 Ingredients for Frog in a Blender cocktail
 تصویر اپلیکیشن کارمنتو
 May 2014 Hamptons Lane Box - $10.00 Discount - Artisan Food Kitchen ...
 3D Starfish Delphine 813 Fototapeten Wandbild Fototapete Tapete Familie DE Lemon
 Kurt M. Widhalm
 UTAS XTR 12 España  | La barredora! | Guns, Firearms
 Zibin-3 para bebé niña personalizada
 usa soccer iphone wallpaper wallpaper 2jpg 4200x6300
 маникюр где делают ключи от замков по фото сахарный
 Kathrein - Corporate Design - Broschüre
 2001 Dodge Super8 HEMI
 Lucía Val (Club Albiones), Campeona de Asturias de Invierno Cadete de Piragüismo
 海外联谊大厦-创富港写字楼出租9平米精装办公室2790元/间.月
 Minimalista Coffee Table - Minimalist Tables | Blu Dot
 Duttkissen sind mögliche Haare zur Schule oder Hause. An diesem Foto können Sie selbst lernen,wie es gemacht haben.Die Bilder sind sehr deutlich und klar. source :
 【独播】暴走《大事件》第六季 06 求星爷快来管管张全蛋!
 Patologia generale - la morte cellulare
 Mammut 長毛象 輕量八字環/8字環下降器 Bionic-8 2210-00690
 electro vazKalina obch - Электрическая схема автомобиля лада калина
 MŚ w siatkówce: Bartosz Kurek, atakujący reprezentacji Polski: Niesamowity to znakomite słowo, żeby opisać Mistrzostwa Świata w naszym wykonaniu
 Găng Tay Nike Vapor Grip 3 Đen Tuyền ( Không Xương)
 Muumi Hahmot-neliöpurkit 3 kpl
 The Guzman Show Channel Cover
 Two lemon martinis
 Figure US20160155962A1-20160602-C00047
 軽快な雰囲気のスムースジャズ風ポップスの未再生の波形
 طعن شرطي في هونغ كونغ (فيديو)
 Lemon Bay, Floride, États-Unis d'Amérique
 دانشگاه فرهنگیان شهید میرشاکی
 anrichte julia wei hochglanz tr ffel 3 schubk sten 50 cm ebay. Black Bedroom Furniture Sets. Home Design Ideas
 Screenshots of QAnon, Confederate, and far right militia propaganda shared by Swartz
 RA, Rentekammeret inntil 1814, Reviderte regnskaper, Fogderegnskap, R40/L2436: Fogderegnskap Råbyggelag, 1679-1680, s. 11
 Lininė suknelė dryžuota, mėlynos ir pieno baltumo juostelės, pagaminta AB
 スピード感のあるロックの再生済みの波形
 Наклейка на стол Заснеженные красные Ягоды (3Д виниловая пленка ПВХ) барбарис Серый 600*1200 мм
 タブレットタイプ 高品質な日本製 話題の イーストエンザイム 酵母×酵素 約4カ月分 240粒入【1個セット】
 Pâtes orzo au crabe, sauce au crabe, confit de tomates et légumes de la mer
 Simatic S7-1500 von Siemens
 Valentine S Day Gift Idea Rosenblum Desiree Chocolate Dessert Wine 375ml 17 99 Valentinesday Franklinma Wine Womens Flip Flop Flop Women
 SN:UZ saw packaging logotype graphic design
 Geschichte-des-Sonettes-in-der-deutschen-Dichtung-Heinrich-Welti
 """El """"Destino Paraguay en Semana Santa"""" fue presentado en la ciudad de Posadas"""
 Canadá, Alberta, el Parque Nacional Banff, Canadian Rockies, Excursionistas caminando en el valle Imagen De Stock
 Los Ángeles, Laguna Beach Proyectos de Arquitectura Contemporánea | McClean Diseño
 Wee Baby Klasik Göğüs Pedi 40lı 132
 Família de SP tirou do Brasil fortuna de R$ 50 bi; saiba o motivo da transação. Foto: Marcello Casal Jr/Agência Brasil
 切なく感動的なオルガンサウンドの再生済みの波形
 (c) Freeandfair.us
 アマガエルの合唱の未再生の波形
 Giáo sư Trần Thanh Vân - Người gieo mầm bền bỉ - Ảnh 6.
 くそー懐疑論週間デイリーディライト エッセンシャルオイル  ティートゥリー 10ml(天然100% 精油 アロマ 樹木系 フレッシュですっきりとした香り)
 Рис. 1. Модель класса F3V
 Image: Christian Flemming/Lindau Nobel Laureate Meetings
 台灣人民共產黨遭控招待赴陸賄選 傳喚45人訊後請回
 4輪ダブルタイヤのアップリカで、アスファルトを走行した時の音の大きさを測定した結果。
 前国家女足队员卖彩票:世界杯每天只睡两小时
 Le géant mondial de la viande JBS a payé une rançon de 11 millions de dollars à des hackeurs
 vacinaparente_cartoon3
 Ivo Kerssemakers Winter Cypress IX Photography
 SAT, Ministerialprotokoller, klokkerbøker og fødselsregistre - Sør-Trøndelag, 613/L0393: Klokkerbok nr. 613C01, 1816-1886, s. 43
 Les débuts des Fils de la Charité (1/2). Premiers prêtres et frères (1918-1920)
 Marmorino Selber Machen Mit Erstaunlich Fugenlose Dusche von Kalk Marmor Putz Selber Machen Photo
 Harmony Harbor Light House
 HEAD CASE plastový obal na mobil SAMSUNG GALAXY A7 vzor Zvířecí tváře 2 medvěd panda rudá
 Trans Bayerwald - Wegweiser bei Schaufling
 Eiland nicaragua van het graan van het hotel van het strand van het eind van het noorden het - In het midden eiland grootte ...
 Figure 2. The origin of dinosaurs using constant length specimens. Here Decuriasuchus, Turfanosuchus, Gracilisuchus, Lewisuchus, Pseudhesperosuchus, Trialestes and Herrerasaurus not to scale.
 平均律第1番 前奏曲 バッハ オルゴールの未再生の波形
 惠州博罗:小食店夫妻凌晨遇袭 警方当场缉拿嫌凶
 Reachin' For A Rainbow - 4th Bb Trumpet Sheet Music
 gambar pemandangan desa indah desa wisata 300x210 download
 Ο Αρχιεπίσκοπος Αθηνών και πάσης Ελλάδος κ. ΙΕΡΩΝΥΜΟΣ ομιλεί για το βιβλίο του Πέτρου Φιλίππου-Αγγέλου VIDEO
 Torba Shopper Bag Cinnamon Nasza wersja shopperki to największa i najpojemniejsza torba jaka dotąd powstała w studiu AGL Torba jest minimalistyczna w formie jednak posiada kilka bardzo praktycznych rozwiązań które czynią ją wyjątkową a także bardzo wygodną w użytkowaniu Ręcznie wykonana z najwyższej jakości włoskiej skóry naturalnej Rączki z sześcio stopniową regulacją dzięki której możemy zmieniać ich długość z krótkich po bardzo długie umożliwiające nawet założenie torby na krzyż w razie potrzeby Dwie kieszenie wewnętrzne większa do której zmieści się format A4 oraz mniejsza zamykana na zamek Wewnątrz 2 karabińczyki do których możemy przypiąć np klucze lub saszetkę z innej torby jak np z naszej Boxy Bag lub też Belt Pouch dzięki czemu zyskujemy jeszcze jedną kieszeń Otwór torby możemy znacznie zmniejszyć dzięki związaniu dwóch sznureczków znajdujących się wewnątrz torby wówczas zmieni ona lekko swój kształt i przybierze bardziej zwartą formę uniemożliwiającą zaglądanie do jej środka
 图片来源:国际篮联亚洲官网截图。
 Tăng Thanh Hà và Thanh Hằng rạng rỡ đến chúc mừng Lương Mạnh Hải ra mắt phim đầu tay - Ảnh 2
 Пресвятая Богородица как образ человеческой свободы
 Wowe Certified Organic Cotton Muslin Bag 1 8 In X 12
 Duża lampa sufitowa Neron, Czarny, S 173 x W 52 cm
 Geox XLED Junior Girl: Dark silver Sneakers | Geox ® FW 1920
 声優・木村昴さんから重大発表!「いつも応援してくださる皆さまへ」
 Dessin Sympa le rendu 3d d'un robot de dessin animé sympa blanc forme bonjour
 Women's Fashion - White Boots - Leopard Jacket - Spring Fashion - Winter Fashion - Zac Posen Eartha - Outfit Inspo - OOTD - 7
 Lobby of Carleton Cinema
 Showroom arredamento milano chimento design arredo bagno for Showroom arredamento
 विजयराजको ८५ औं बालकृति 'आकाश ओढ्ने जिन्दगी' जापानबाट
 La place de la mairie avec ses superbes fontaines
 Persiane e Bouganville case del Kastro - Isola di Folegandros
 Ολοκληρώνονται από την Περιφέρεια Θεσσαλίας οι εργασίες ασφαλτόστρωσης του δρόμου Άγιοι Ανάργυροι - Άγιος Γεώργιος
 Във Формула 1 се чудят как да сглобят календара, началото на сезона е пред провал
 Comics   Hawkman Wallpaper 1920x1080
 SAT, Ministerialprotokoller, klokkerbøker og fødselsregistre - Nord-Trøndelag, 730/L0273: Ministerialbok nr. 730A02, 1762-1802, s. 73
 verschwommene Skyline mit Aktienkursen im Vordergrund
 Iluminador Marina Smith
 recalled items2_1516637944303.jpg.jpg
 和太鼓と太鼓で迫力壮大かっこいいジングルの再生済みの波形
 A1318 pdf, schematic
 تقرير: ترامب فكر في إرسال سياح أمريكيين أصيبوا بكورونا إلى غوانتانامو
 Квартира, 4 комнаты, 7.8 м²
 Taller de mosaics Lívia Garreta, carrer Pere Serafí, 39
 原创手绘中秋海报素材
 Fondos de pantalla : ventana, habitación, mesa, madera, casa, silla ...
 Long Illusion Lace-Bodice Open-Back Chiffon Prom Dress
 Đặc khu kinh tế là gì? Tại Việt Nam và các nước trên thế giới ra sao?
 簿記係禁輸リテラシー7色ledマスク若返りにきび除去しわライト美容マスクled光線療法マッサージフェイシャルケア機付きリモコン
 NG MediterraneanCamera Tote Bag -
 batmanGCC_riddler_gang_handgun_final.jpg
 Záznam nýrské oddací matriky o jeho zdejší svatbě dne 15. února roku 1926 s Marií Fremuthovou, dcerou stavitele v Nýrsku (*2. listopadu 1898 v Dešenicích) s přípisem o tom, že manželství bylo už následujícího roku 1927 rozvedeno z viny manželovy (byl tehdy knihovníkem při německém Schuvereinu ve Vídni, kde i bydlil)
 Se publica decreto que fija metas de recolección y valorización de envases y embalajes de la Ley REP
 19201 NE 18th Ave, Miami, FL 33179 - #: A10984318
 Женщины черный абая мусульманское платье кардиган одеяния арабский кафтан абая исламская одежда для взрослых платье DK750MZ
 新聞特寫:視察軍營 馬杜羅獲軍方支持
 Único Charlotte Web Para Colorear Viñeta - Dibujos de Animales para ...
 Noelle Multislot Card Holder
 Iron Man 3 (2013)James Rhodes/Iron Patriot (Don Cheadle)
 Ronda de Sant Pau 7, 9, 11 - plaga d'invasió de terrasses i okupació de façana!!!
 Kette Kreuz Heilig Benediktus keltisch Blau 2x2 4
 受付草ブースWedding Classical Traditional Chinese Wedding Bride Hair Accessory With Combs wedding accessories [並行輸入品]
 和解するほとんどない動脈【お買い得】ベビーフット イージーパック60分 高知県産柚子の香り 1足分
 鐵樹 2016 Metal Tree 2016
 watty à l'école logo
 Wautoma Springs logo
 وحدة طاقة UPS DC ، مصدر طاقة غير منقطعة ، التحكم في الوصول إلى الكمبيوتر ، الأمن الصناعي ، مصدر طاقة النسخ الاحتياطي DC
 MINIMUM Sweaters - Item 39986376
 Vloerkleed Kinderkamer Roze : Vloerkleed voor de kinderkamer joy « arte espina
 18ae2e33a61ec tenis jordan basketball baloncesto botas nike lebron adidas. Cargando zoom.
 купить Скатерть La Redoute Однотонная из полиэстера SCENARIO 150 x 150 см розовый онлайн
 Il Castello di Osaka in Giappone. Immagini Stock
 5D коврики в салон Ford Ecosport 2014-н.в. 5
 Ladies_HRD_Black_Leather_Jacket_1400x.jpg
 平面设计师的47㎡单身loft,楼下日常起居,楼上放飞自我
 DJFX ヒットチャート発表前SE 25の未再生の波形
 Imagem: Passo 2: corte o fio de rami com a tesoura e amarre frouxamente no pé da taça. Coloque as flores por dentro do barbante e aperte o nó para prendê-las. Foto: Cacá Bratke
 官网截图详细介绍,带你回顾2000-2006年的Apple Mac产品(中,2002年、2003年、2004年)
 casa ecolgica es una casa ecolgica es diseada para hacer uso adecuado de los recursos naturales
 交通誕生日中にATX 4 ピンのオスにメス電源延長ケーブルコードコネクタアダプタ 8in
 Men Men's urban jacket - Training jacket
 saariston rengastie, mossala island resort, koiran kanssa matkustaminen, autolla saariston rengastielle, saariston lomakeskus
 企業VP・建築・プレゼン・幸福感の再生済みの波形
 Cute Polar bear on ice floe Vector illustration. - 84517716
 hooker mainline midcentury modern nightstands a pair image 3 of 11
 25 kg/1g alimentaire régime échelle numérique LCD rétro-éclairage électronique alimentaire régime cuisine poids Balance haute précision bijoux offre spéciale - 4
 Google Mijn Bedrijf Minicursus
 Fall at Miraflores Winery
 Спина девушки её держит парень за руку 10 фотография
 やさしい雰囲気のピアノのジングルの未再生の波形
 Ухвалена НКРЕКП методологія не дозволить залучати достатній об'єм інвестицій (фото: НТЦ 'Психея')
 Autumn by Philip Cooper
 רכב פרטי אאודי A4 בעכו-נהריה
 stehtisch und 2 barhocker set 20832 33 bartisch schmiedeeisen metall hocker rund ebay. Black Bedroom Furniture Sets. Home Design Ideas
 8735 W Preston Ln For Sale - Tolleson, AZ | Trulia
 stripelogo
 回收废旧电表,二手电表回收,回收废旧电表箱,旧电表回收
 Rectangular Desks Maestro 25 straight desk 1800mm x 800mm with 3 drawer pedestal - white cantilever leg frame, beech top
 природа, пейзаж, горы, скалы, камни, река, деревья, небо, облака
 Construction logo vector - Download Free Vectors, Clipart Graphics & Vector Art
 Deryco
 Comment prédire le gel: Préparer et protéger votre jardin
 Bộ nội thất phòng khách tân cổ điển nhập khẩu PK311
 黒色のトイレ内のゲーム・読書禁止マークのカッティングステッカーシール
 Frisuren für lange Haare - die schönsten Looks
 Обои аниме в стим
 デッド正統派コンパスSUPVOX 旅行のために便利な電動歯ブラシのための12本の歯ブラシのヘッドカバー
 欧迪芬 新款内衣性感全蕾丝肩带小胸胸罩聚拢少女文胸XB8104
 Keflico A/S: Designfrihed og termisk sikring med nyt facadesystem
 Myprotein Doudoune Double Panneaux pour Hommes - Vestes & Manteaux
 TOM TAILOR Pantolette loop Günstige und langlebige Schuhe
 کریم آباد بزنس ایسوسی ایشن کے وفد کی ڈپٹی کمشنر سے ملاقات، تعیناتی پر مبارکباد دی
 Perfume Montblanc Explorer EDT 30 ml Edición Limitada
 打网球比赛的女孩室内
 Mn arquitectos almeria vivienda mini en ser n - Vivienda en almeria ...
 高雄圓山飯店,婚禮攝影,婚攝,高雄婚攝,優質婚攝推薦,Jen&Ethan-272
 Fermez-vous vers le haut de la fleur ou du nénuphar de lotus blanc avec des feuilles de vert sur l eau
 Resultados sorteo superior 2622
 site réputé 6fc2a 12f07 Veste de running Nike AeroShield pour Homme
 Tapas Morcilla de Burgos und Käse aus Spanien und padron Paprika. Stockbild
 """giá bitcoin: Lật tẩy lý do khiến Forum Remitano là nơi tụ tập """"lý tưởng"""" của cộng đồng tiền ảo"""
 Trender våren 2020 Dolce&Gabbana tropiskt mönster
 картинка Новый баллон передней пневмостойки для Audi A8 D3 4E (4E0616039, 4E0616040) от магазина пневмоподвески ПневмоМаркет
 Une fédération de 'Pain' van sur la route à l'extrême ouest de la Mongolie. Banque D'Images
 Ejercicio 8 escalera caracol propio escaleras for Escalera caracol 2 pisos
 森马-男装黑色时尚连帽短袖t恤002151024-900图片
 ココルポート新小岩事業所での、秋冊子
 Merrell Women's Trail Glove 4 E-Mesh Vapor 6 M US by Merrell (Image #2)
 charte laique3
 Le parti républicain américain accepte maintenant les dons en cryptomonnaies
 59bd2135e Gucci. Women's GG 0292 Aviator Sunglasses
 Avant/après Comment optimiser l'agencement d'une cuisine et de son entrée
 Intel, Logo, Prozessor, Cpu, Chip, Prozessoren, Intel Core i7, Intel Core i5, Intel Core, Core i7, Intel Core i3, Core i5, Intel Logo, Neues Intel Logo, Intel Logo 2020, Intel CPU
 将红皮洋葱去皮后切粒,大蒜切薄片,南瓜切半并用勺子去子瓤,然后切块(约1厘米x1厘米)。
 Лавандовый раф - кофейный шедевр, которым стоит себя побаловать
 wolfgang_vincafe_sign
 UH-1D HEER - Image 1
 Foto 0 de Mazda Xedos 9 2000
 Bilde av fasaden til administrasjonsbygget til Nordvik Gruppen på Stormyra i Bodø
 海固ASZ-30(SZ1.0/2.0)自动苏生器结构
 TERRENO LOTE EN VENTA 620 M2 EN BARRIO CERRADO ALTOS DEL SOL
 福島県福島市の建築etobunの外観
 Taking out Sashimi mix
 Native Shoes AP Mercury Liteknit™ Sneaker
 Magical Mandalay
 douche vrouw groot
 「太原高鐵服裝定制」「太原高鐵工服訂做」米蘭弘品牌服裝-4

------------

**Problem to solve:** Going through the entries above, count each line that has the word "Winter" and report only the count.

**Solution for this task:** 2